I want to use the gaussian function in python to generate some numbers between a specific range giving the mean and variance
so lets say I have a range between 0 and 10
and I want my mean to be 3 and variance to be 4
mean = 3, variance = 4
how can I do that ?
Use random.gauss. From the docs:
random.gauss(mu, sigma)
Gaussian distribution. mu is the mean, and sigma is the standard deviation. This is slightly
faster than the normalvariate() function defined below.
It seems to me that you can clamp the results of this, but that wouldn't make it a Gaussian distribution. I don't think you can satisfy all the constraints simultaneously. If you want to clamp it to the range [0, 10], you could get your numbers:
num = min(10, max(0, random.gauss(3, 4)))

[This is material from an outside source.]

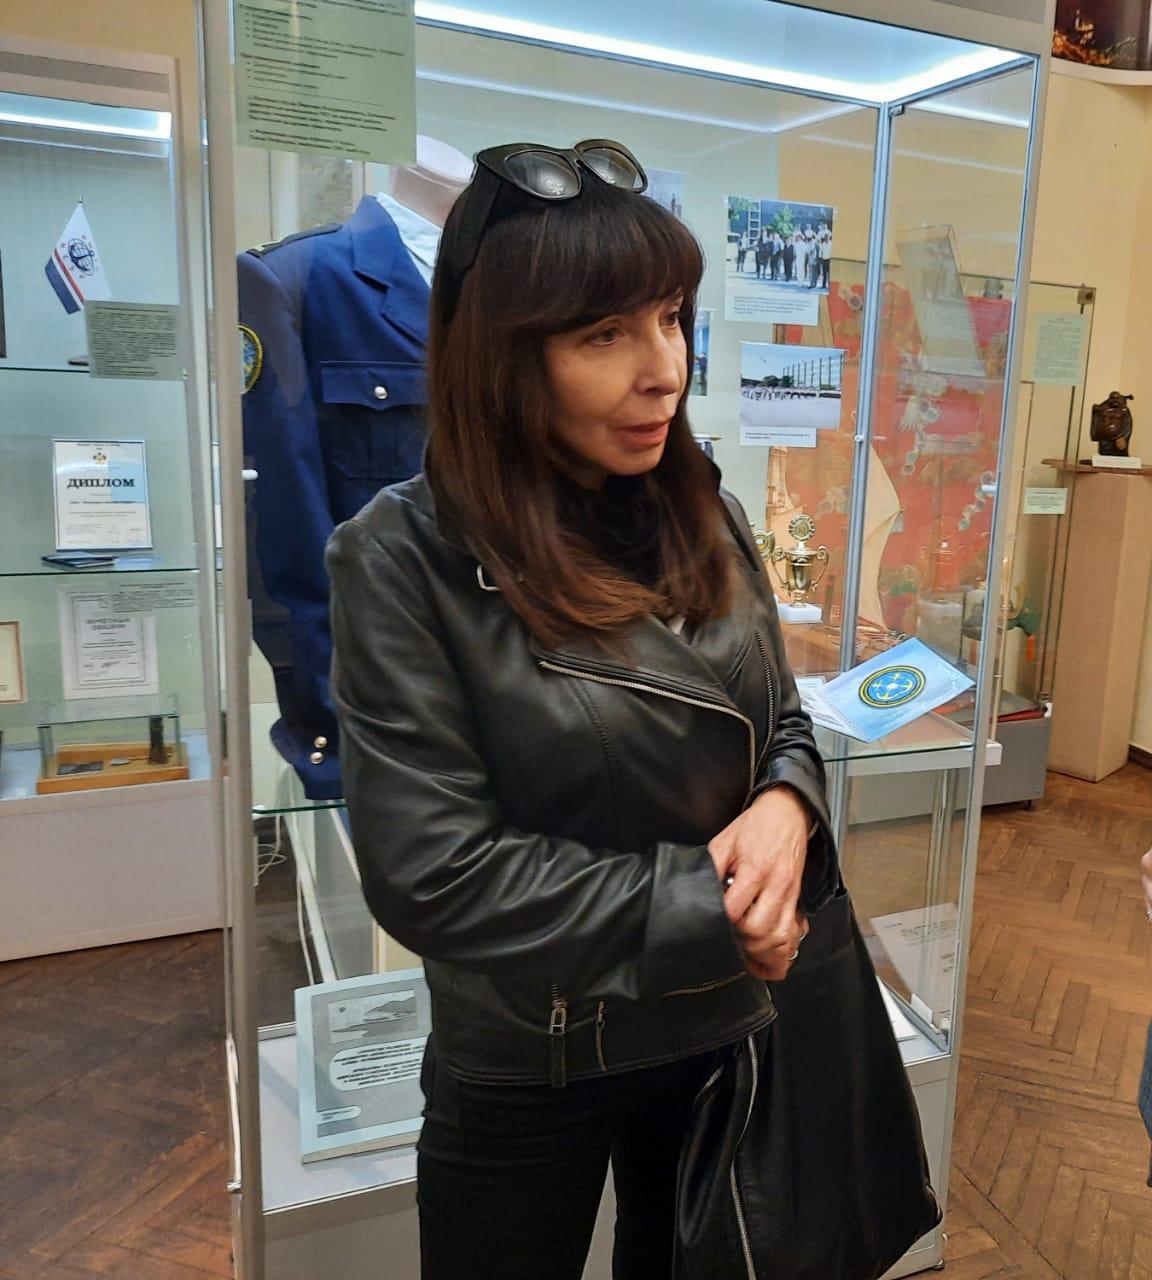 Внучка Цезаря Куникова после посещения в Новороссийске мемориала на Малой земле сказала, что здесь есть чистая эмоция создателей

But then the resulting distribution of numbers won't be truly Gaussian. In this case, it seems you can't have your cake and eat it, too.
There's probably a better way to do this, but this is the function I ended up creating to solve this problem:
import random
def trunc_gauss(mu, sigma, bottom, top):
a = random.gauss(mu,sigma))
while (bottom <= a <= top) == False:
a = random.gauss(mu,sigma))
return a
If we break it down line by line:
import random
This allows us to use functions from the random library, which includes a gaussian random number generator (random.gauss).
def trunc_gauss(mu, sigma, bottom, top):
The function arguments allow us to specify the mean (mu) and variance (sigma), as well as the top and bottom of our desired range.
a = random.gauss(mu,sigma))
Inside the function, we generate an initial random number according to a gaussian distribution.
while (bottom <= a <= top) == False:
a = random.gauss(mu,sigma))
Next, the while loop checks if the number is within our specified range, and generates a new random number as long as the current number is outside our range.
return a
As soon as the number is inside our range, the while loop stops running and the function returns the number.
This should give a better approximation of a gaussian distribution, since we don't artificially inflate the top and bottom boundaries of our range by rounding up or down the outliers.
I'm quite new to Python, so there are most probably simpler ways, but this worked for me.
I was working on some numerical analytical computation and I ran into this python tutorial site - http://www.python-course.eu/weighted_choice_and_sample.php
Now, this is what I proffer as a solution should anyone be too busy as to not hit the site. I don't know how many gaussian values you need so I'll go with 100 as n, mu you gave as 3 and variance as 4 which makes sigma = 2. Here's the code:
from random import gauss
n = 100
values = []
frequencies = {}
while len(values) < n:
value = gauss(3, 2)
if 0 < value < 10:
frequencies[int(value)] = frequencies.get(int(value), 0) + 1
values.append(value)
print(values)
I hope this helps. You can get the plot as well. It's all in the tutorials.
If you have a small range of integers, you can create a list with a gaussian distribution of the numbers within that range and then make a random choice from it.
You can use minimalistic code for 150 variables:
import numpy as np
s = np.random.normal(3,4,150) #<= mean = 3, variance = 4
print(s)
Normal distribution is another like random, stochastic distribution. So, we can check it by:
import seaborn as sns
import matplotlib.pyplot as plt
AA1_plot = sns.distplot(s, kde=True, rug=False)
plt.show()
import numpy as np
from random import uniform
from scipy.special import erf,erfinv
import math
def trunc_gauss(mu, sigma,xmin=np.nan,xmax=np.nan):
"""Truncated Gaussian distribution.
mu is the mean, and sigma is the standard deviation.
"""
if np.isnan(xmin):
zmin=0
else:
zmin = erf((xmin-mu)/sigma)
if np.isnan(xmax):
zmax=1
else:
zmax = erf((xmax-mu)/sigma)
y = uniform(zmin,zmax)
z = erfinv(y)
# This will not come up often but if y >= 0.9999999999999999
# due to the truncation of the ervinv function max z = 5.805018683193454
while math.isinf(z):
z = erfinv(uniform(zmin,zmax))
return mu + z*sigma